Work instruction: Copy out the entire listing below exactly, but without its pictures.

Input data:
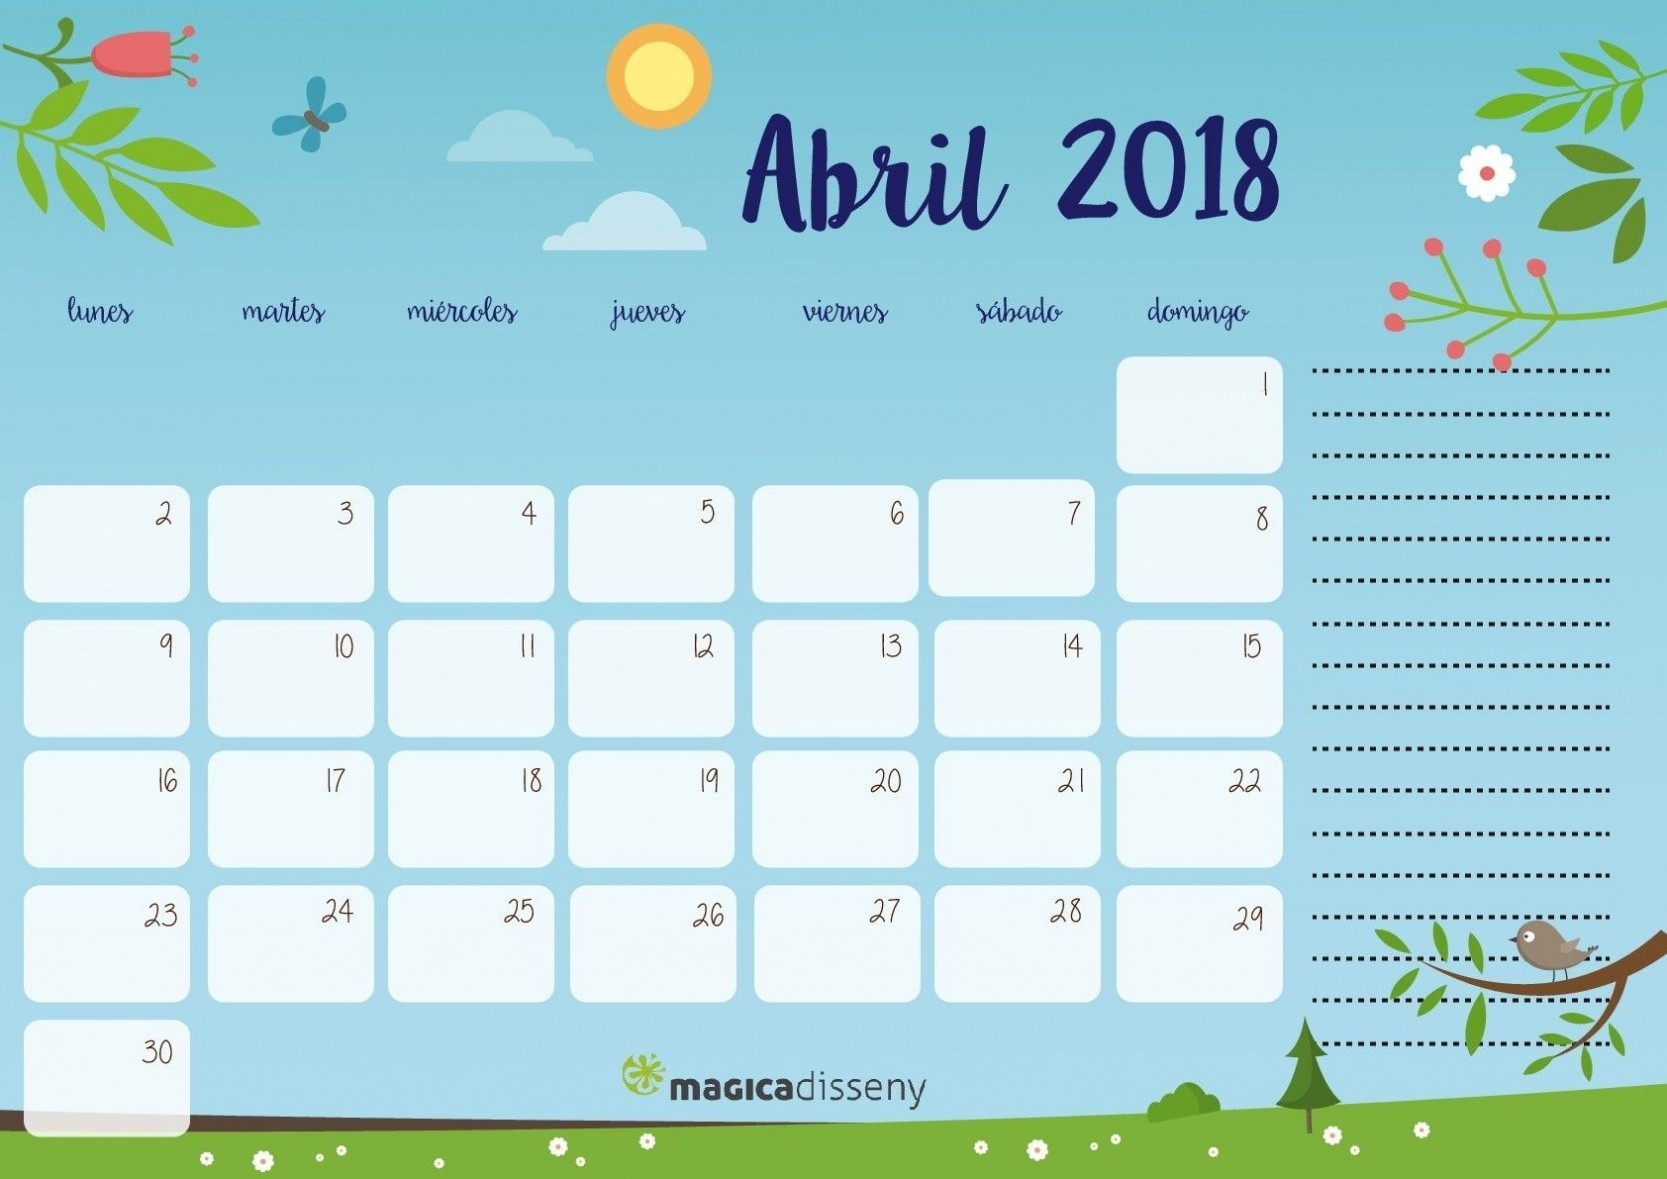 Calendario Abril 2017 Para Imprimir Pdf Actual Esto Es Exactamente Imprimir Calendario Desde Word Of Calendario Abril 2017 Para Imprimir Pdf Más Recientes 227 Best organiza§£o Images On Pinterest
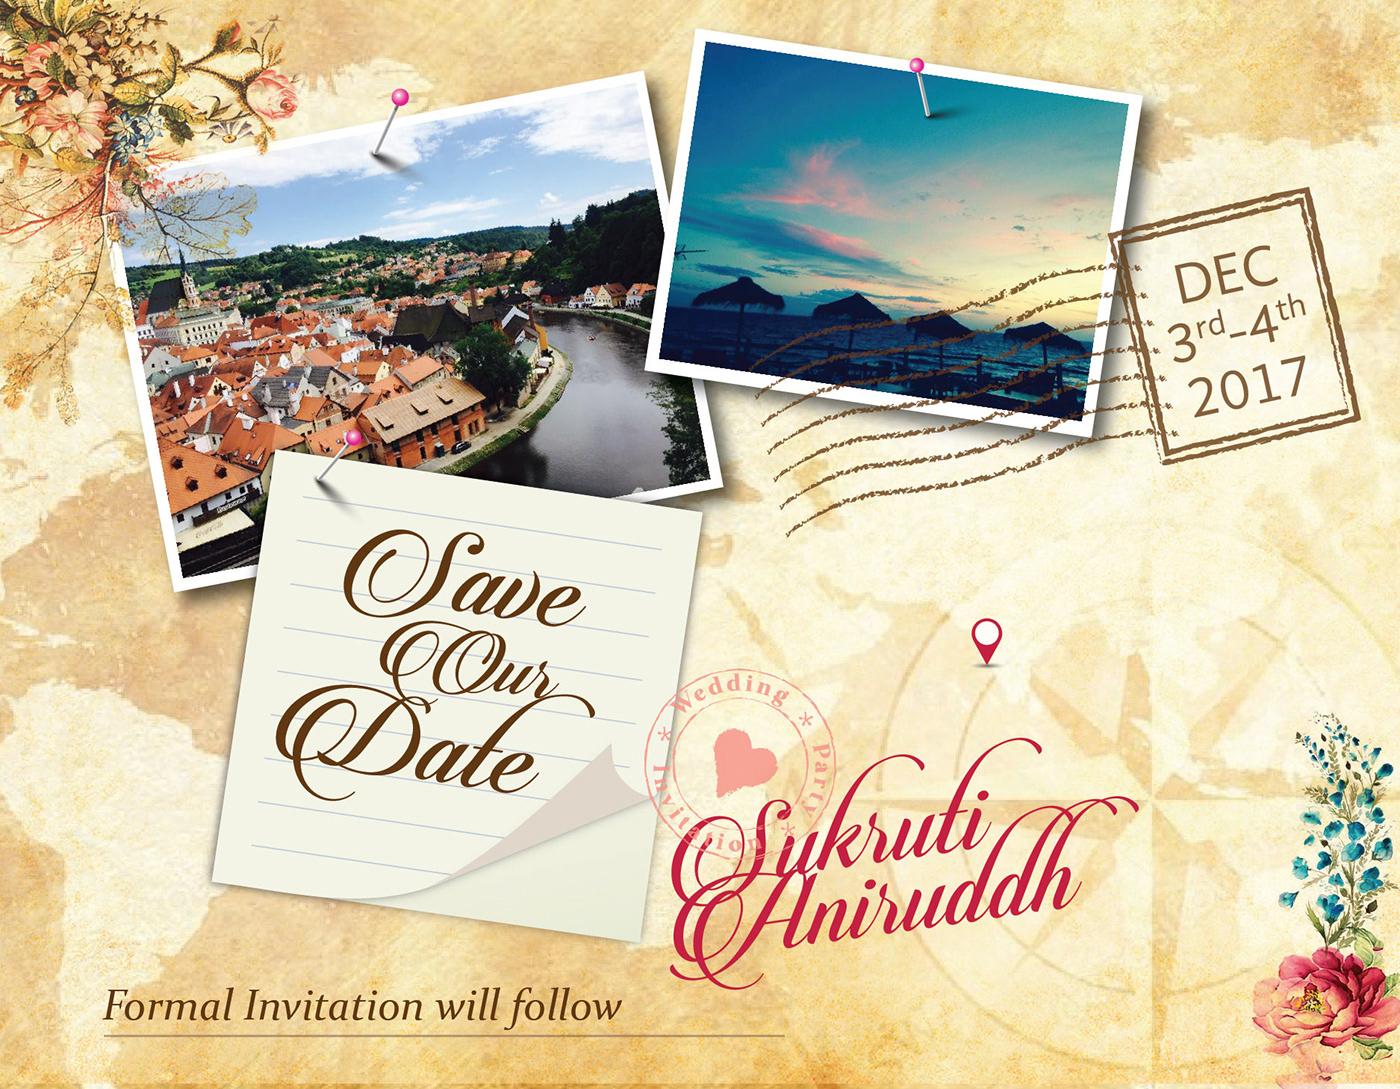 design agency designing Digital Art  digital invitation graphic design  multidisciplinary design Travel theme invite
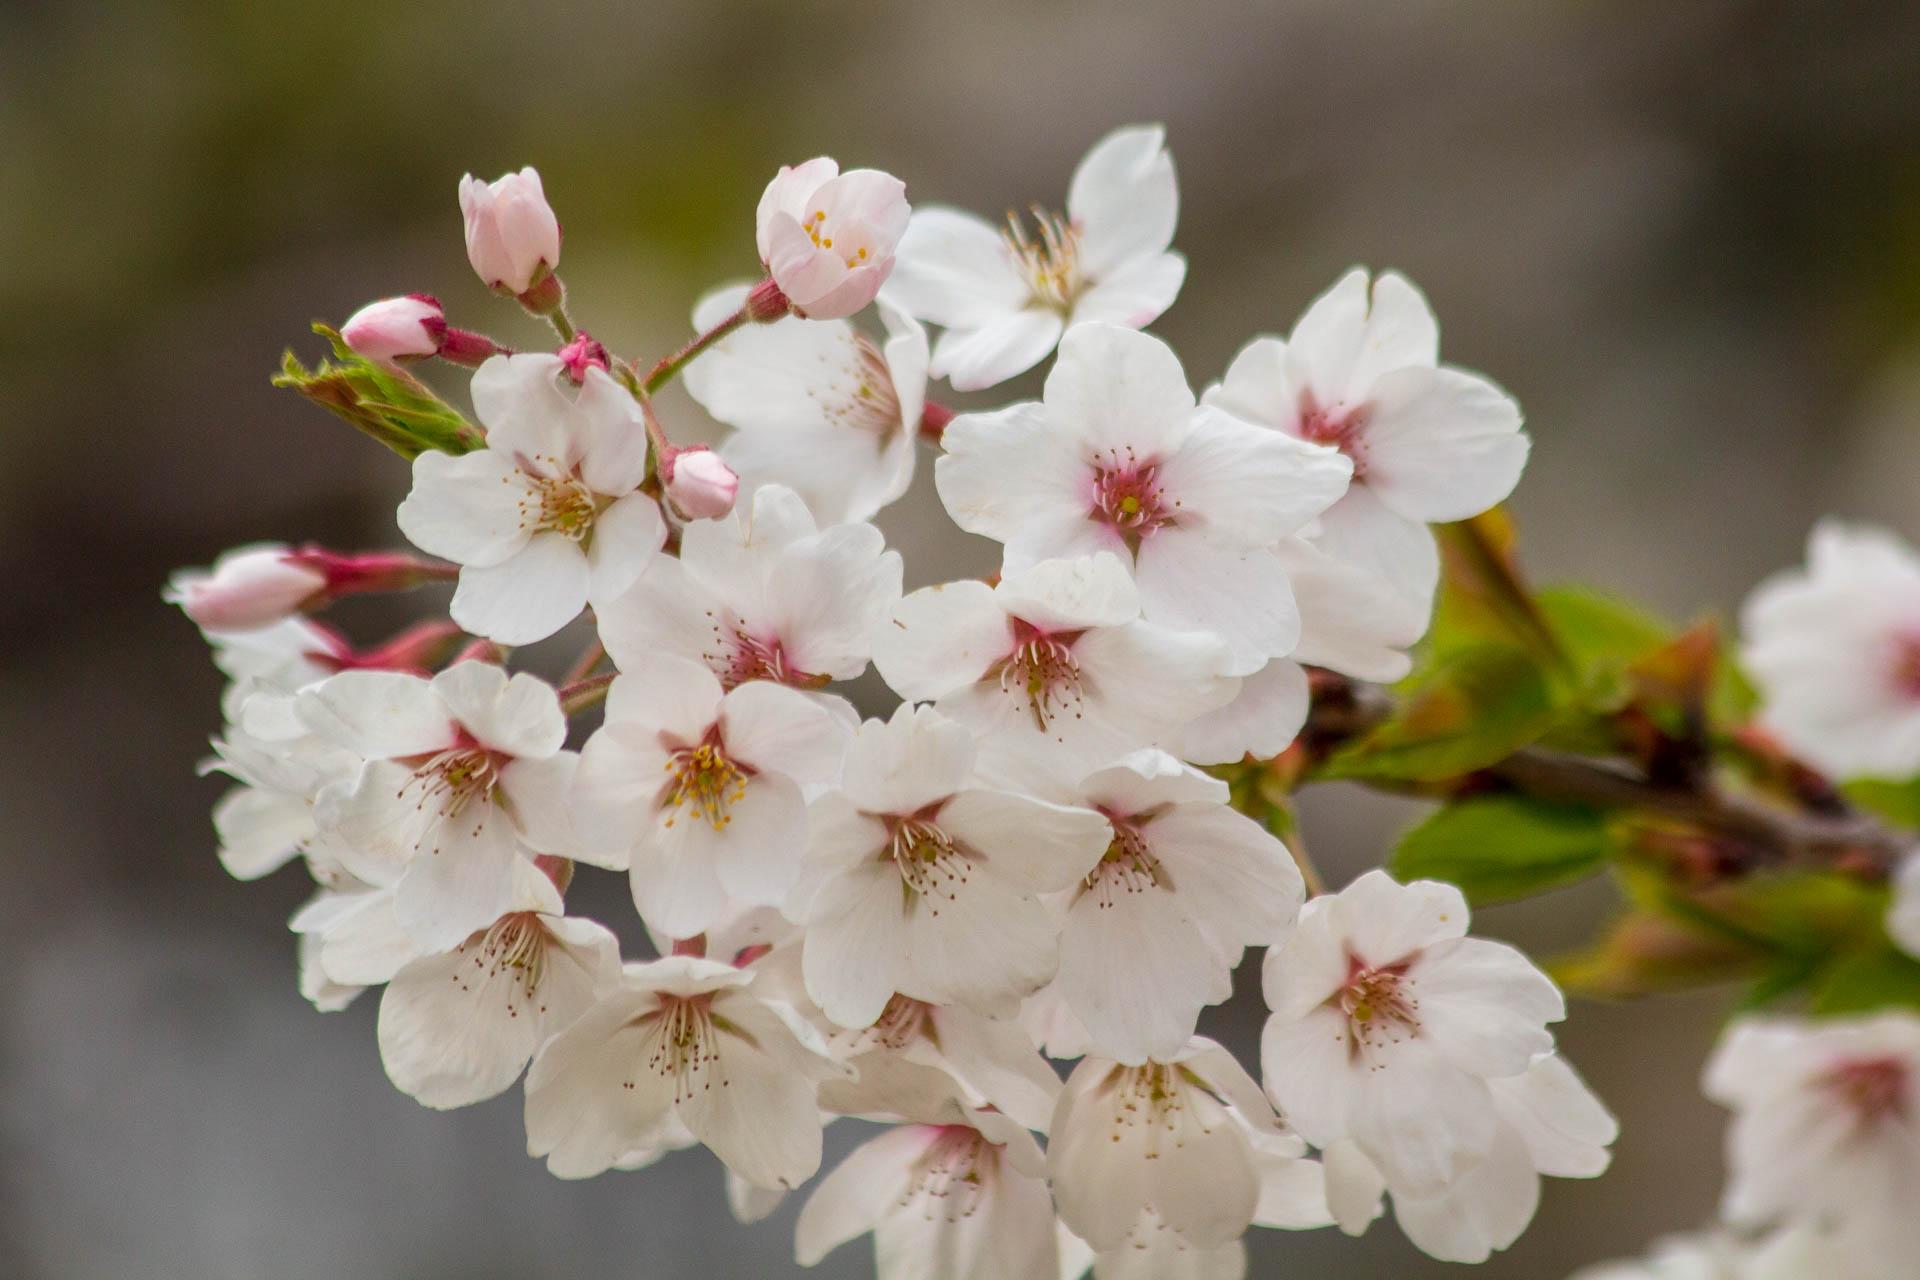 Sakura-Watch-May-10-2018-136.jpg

Task result:
 Calendario Abril 2017 Para Imprimir Pdf Actual Esto Es Exactamente Imprimir Calendario Desde Word Of Calendario Abril 2017 Para Imprimir Pdf Más Recientes 227 Best organiza§£o Images On Pinterest
 design agency designing Digital Art  digital invitation graphic design  multidisciplinary design Travel theme invite
 Sakura-Watch-May-10-2018-136.jpg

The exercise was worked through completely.